Defendants argue that Plaintiff "has failed to establish an Eighth Amendment violation with regard to medical care." Doc. 93, p. 24. In support of their argument they have submitted relevant copies of Brown's institutional records including photographs taken of Plaintiff after he was attacked by Inmate Wallace. See Doc. 93-3.
According to the institutional records and photographs provided by Defendants, Wallace also suffered minor injuries.
The Eighth Amendment "requires prison officials to provide basic medical treatment to those whom it has incarcerated." Rouse v. Plantier, 182 F.3d 192, 197 (3d Cir. 1999) (citing Estelle v. Gamble, 429 U.S. 97 (1976)). In order to establish an Eighth Amendment medical claim, an inmate must allege acts or omissions by prison officials sufficiently harmful to evidence deliberate indifference to a serious medical need. See Spruill v. Gillis, 372 F.3d 218, 235-36 (3d Cir. 2004); Natale v. Camden Cty. Correctional Facility, 318 F.3d 575, 582 (3d Cir. 2003). In the context of medical care, the relevant inquiry is whether the defendant was: (1) deliberately indifferent (the subjective component) to (2) the plaintiff's serious medical needs (the objective component). Monmouth Cty. Corr. Inst. Inmates v. Lanzaro, 834 F.2d 326, 346 (3d Cir. 1987); West v. Keve, 571 F.2d 158, 161 (3d Cir. 1979).
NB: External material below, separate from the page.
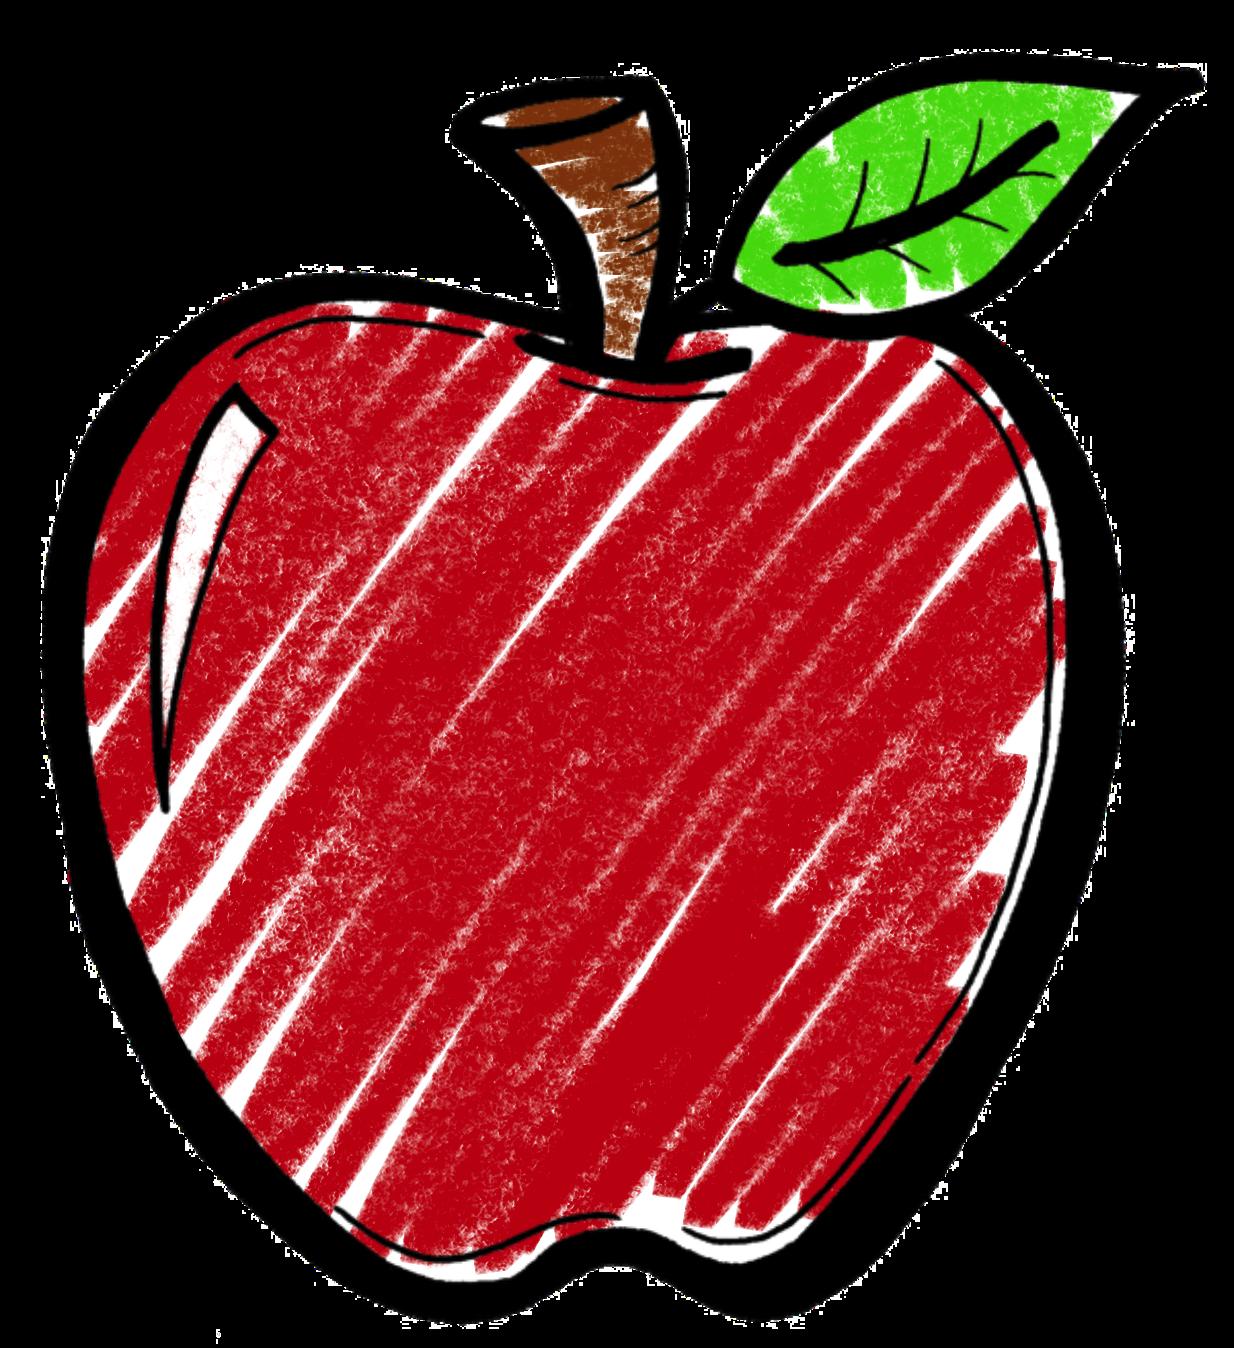 Apple chalkboard clipart jpg royalty free Apple Clipart Chalkboard #2311359 jpg royalty free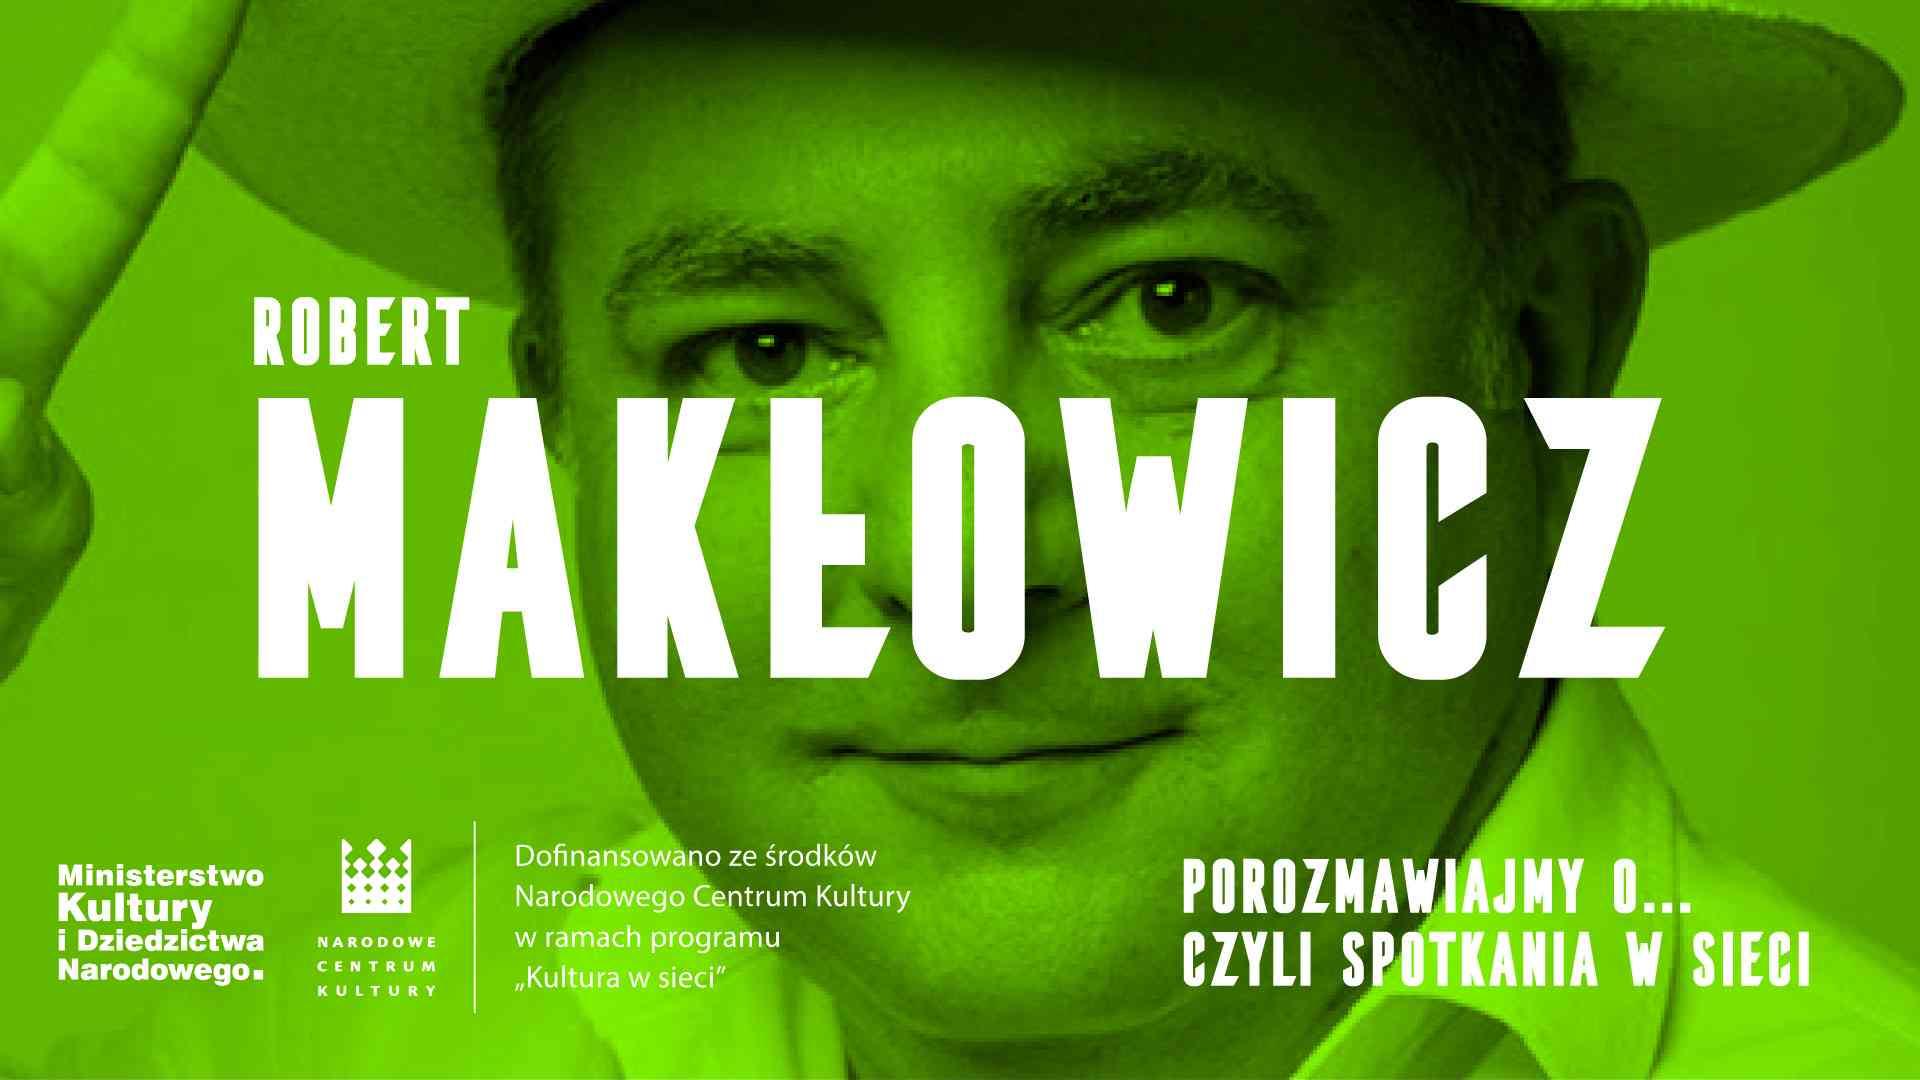 Porozmawiajmy o… czyli spotkania w sieci. Robert Makłowicz

A serious medical need is "one that has been diagnosed by a physician as requiring treatment or one that is so obvious that a lay person would easily recognize the necessity for a doctor's attention." Mines v. Levi, 2009 WL 839011 *7 (E.D. Pa. March 26, 2009)(quoting Colburn, 946 F.2d at 1023); Monmouth Cty. Corr. Inst. Inmates, 834 F.2d at 347. "[I]f unnecessary and wanton infliction of pain results as a consequence of denial or delay in the provision of adequate medical care, the medical need is of the serious nature contemplated by the Eighth Amendment." Young v. Kazmerski, 266 Fed. Appx. 191, 193 (3d Cir. 2008)(quoting Monmouth Cty. Corr. Inst. Inmates, 834 F.2d at 347).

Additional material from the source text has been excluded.